New Inverse Peptide Synthesis Strategy – NIPS

Our studies were first carried out under solution conditions, and the transposition of the obtained results to solid phase peptide chemistry was one of the final objectives of this project. We have focused our research on developing practical and simple reaction conditions, trying to keep on mind the need for atom economy (compared with the classical use of coupling reagents). This requires the use of simple, cheaper and non-toxic reagents. Moreover, we have established a strong collaboration between our group, specialized in synthetic organic chemistry, and the group of Pr. Gilles Subra, who is expert in supported peptide synthesis. Synergies that arose from the experience of both groups, [in addition of their own synthetic platform which implies the laboratories and all the synthesis and analytical equipment necessary to an ideal working environment and to the project realization (ICGM and IBMM)] have insured the good development of the proposal.

A procedure based on the combination of activated alpha-aminoesters with carboxylic acids has been developed, thanks to the financial support allowed by ANR. The method was successfully applied to the solution synthesis of several dipeptides and tripetides in very good yields. Additionally, a model tetrapeptide could be prepared in the challenging reverse N?C direction, and the use of sensitive cysteine showed encouraging results as no epimerization was detected during the synthesis of a dipeptide bearing such amino acid residue. Transposition to a large-scale synthesis of a dipeptide was also realized.

Our future efforts will cover both, the transposition of our method to solid phase peptide chemistry and also the use of encumbered amino acid residues. Moreover, we also envisage to elucidate the mechanistic pathway of the reaction via NMR 13C studies and in situ IR spectroscopy.

To date, the work achieved within this project gave rise to 3 publications in prestigious international journals (ACIE in 2014; Synthesis in 2014; Organic Syntheses in 2015). Two additional papers are currently under preparation, in which a Chemical Reviews. Moreover, two oral communcations have been done: one during the 3rd SCF-d’Avenir at Montpellier in 2015 (R. Marcia de Figueiredo) and another one during the SECO 52 - France (J.-S. Suppo, NIPS PhD Fellow, oral communication award). Poster presentations (5) were also realized.

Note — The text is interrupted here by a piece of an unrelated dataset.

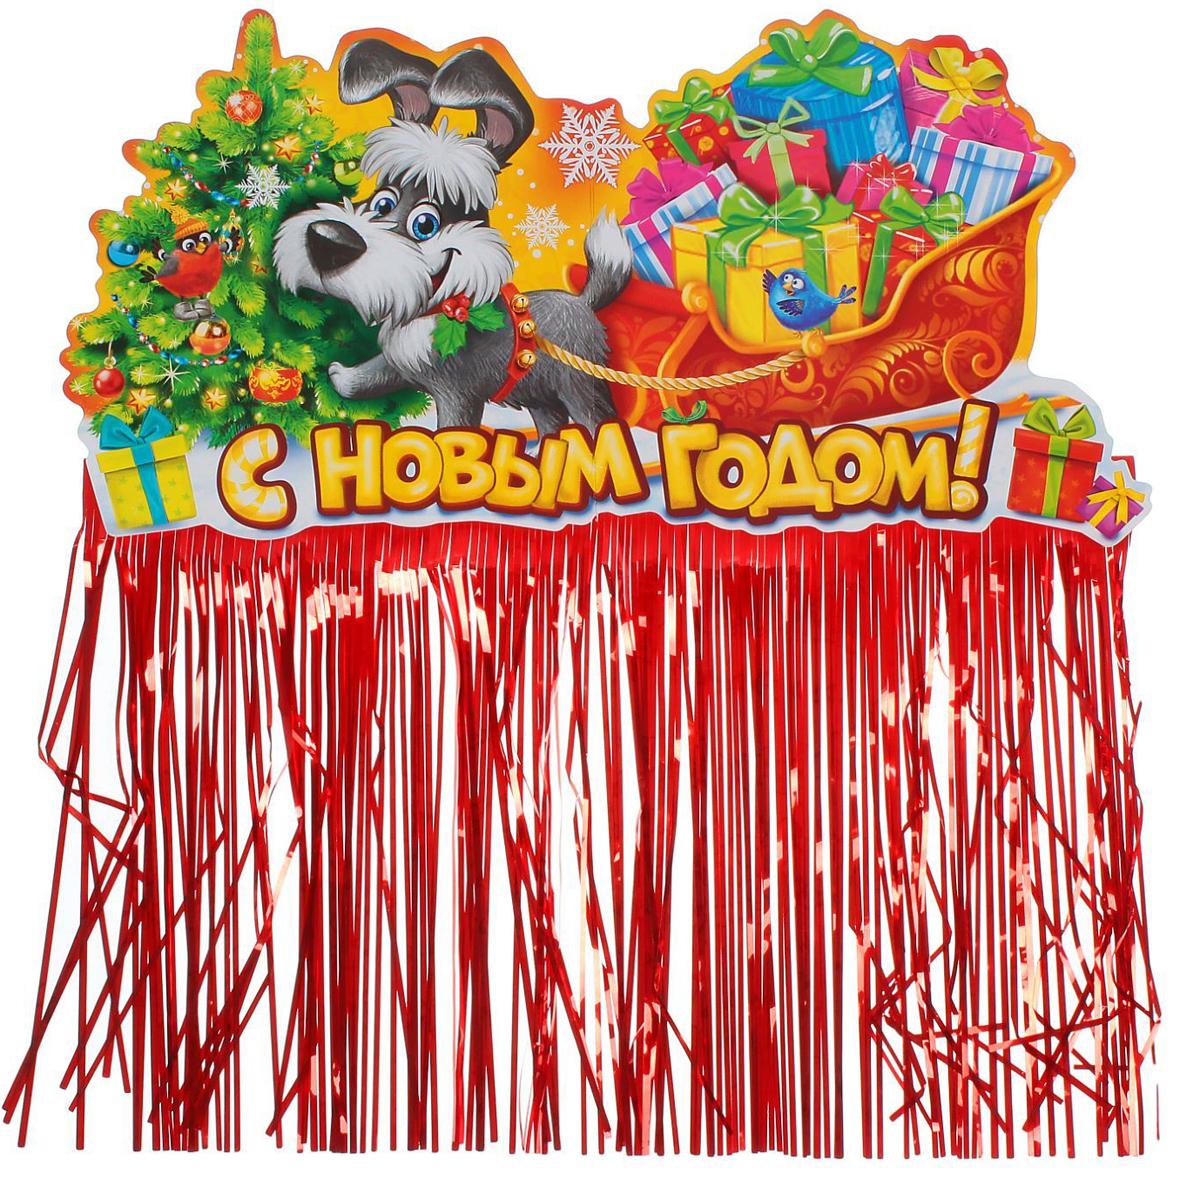 Гирлянда NoName С Новым годом! Сани, с блестящим дождиком, 47,6 х 24,5 см2199849Оформление — важная часть любого торжества, особенно Нового года. Яркие украшения для интерьера создадут особую атмосферу в вашем доме и подарят радость. Красочная гирлянда придется по душе каждому. Подвесьте ее в комнате, и праздничное настроение не заставит себя ждать. Изделие выполнено из картона. Поставляется в пакете с яркой дизайнерской подложкой.

Peptides are attracting increasing attention not only as therapeutics (60 peptide drugs are on the market) but also in polymer or material sciences: Artificial silks, hydrogels, supported catalysts, targeting agents for imaging or therapy, are only a few examples of this matter of facts. The main goal of the NIPS project is to radically innovate the way of creating the peptidic bond by activating the N-function instead of the classical carboxylic activation. This New Inverse Peptide Synthesis Strategy might allow the resolution of some problems associated with classical peptide coupling reagents. Although these reagents are very efficient, some drawbacks inherently linked to their mode of activation are well-known:
- The use of these coupling reagents forces the direction of the peptide synthesis. Whereas peptides are naturally built-up in the N?C direction, they are chemically synthesized from the C-terminal to the N-terminal end in order to minimize the epimerization whenever an amino-acid is introduced.
- Some AA are also particularly sensitive to epimerization during their activation. This is the case of histidine and cysteine residues that have the highest susceptibility to racemize during carboxylate activation.
- Moreover, the introduction of sterically hindered AA is known to be inherently more tricky due to the formation of a congested tetrahedric intermediate (SN2t mechanism) during the amide formation. The introduction of these AA usually requires extended time of reactions and/or special peptide coupling reagents. Finally, peptide fragment couplings, and consequently cyclo-peptide synthesis, are usually not allowed due to unpredictable levels of racemisation of the C-terminal AA residue due, again, to non-predictable epimerization levels, thus demanding a great deal of optimization studies.
In conclusion the NIPS project aims on developing a new innovative strategy to construct peptides through the activation of the ‘amino’ function. With this tool in hands, and according to preliminary encouraging results, we hope to be able to palliate, at least part of, the main problems associated with current classical peptide coupling reagents.